_ACTIVITY_.
Apart from the pictures, the listing is to be returned exactly.

_PROVIDED DATA_.
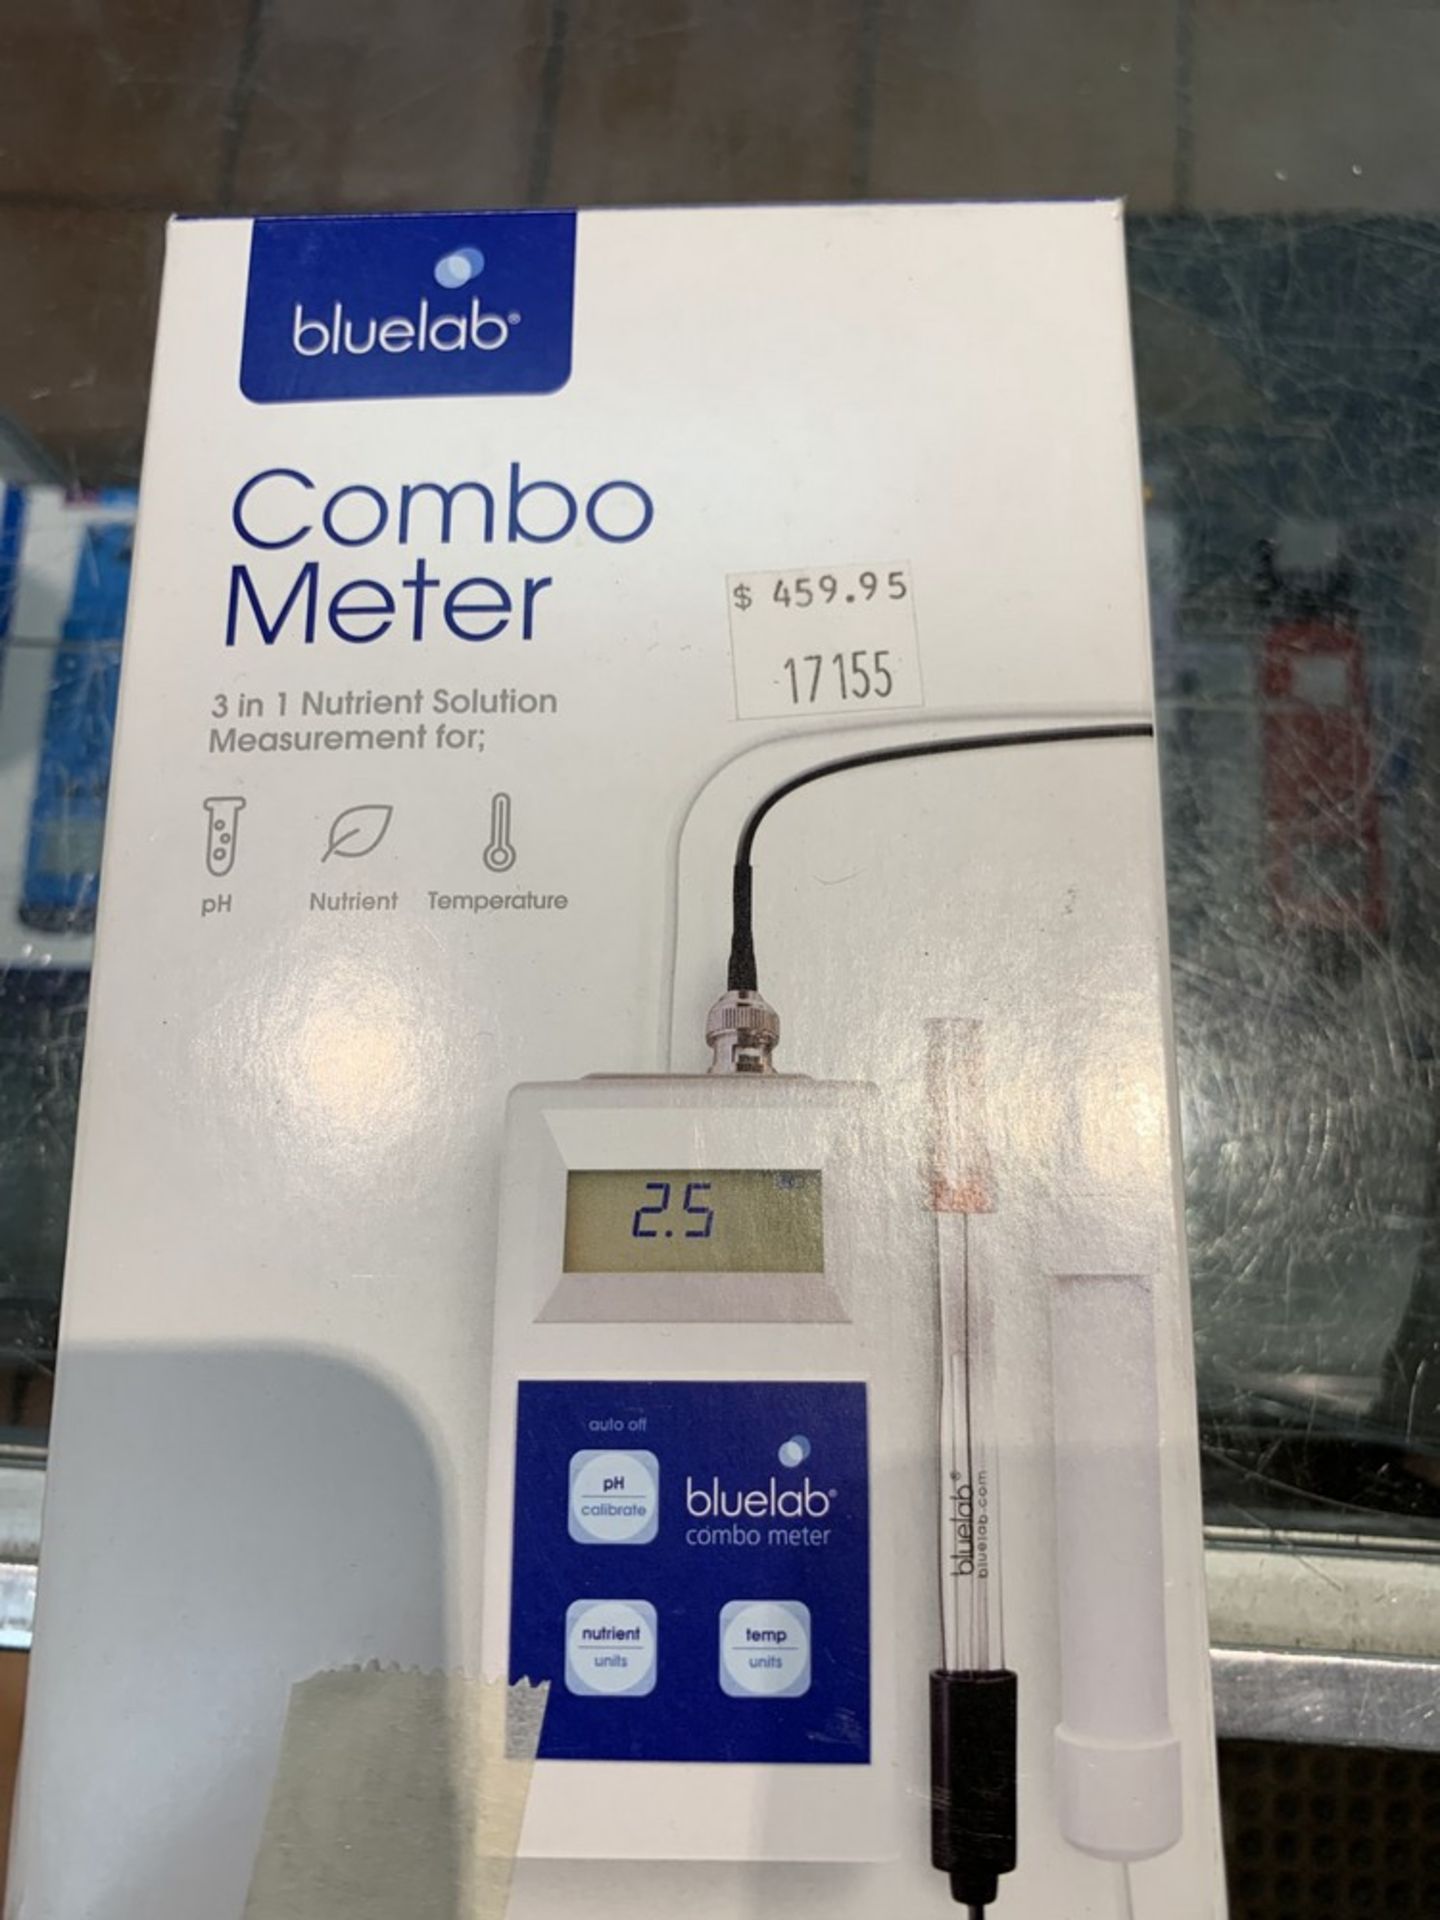 Bluelab - Combo meter
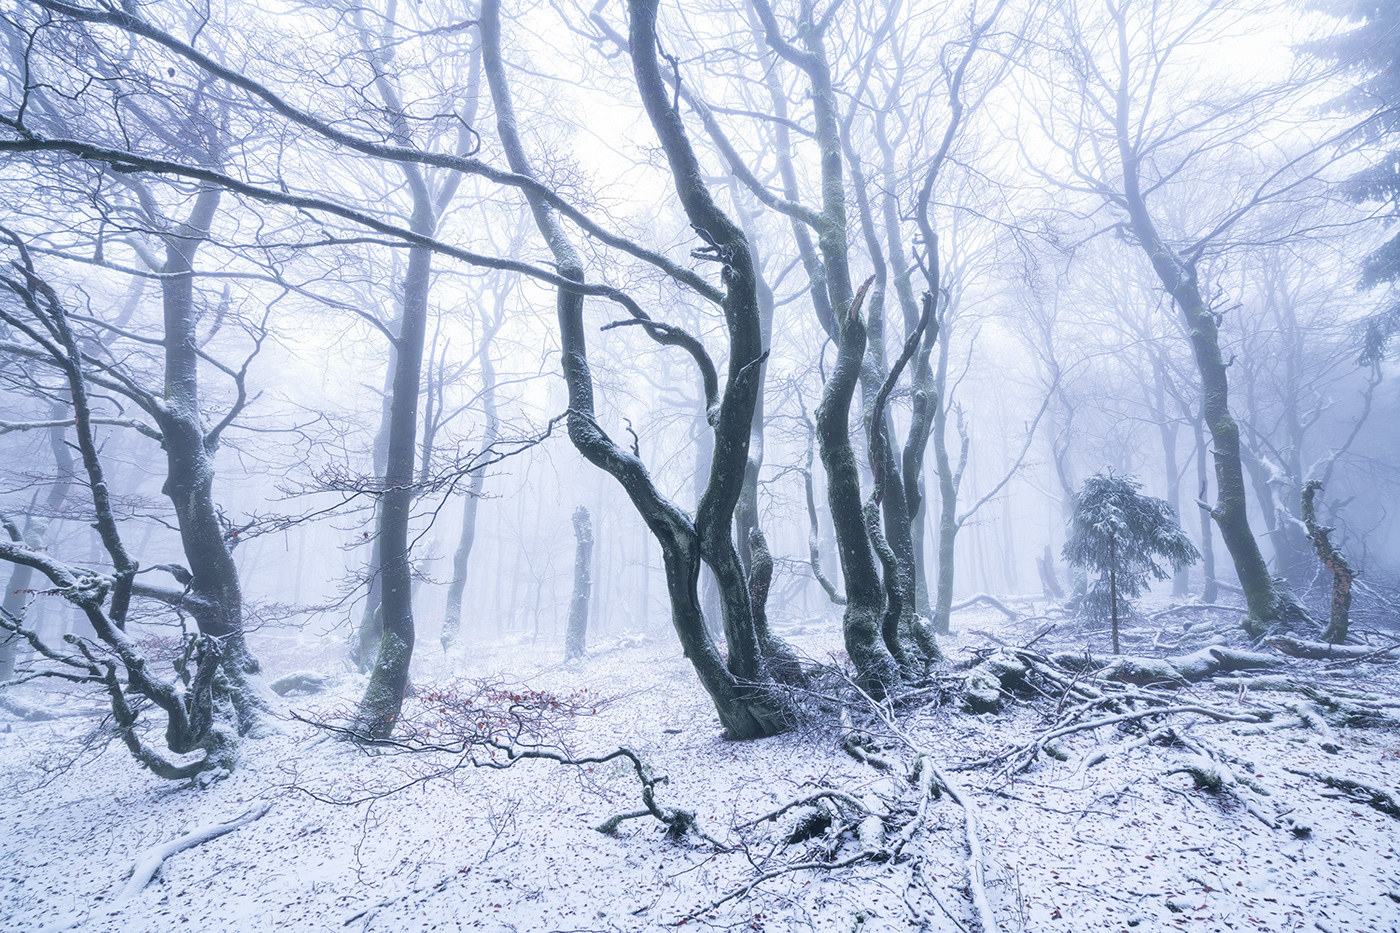 Beech coldness enchanted fangorn fog forest frozen secret trees wood
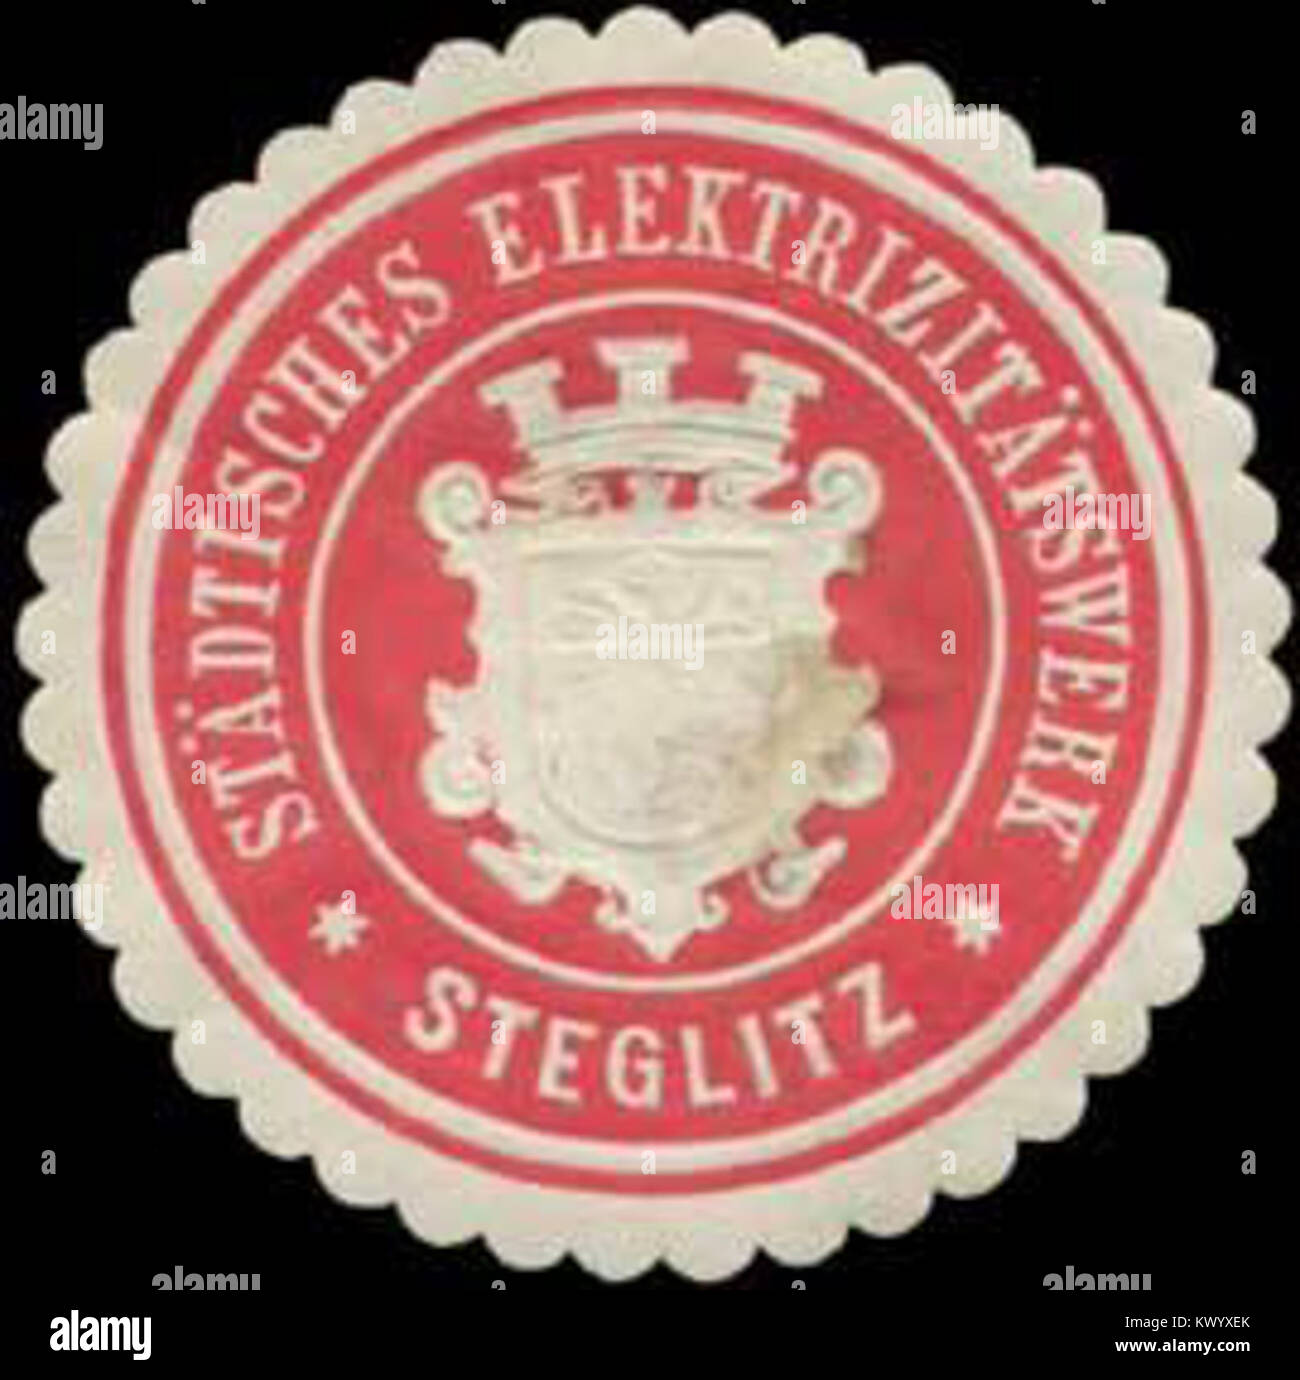 Siegelmarke Städtisches Elektrizitätswerk Steglitz W0386418 Stock Photo

_EXERCISE OUTPUT_.
 Bluelab - Combo meter
 Beech coldness enchanted fangorn fog forest frozen secret trees wood
 Siegelmarke Städtisches Elektrizitätswerk Steglitz W0386418 Stock Photo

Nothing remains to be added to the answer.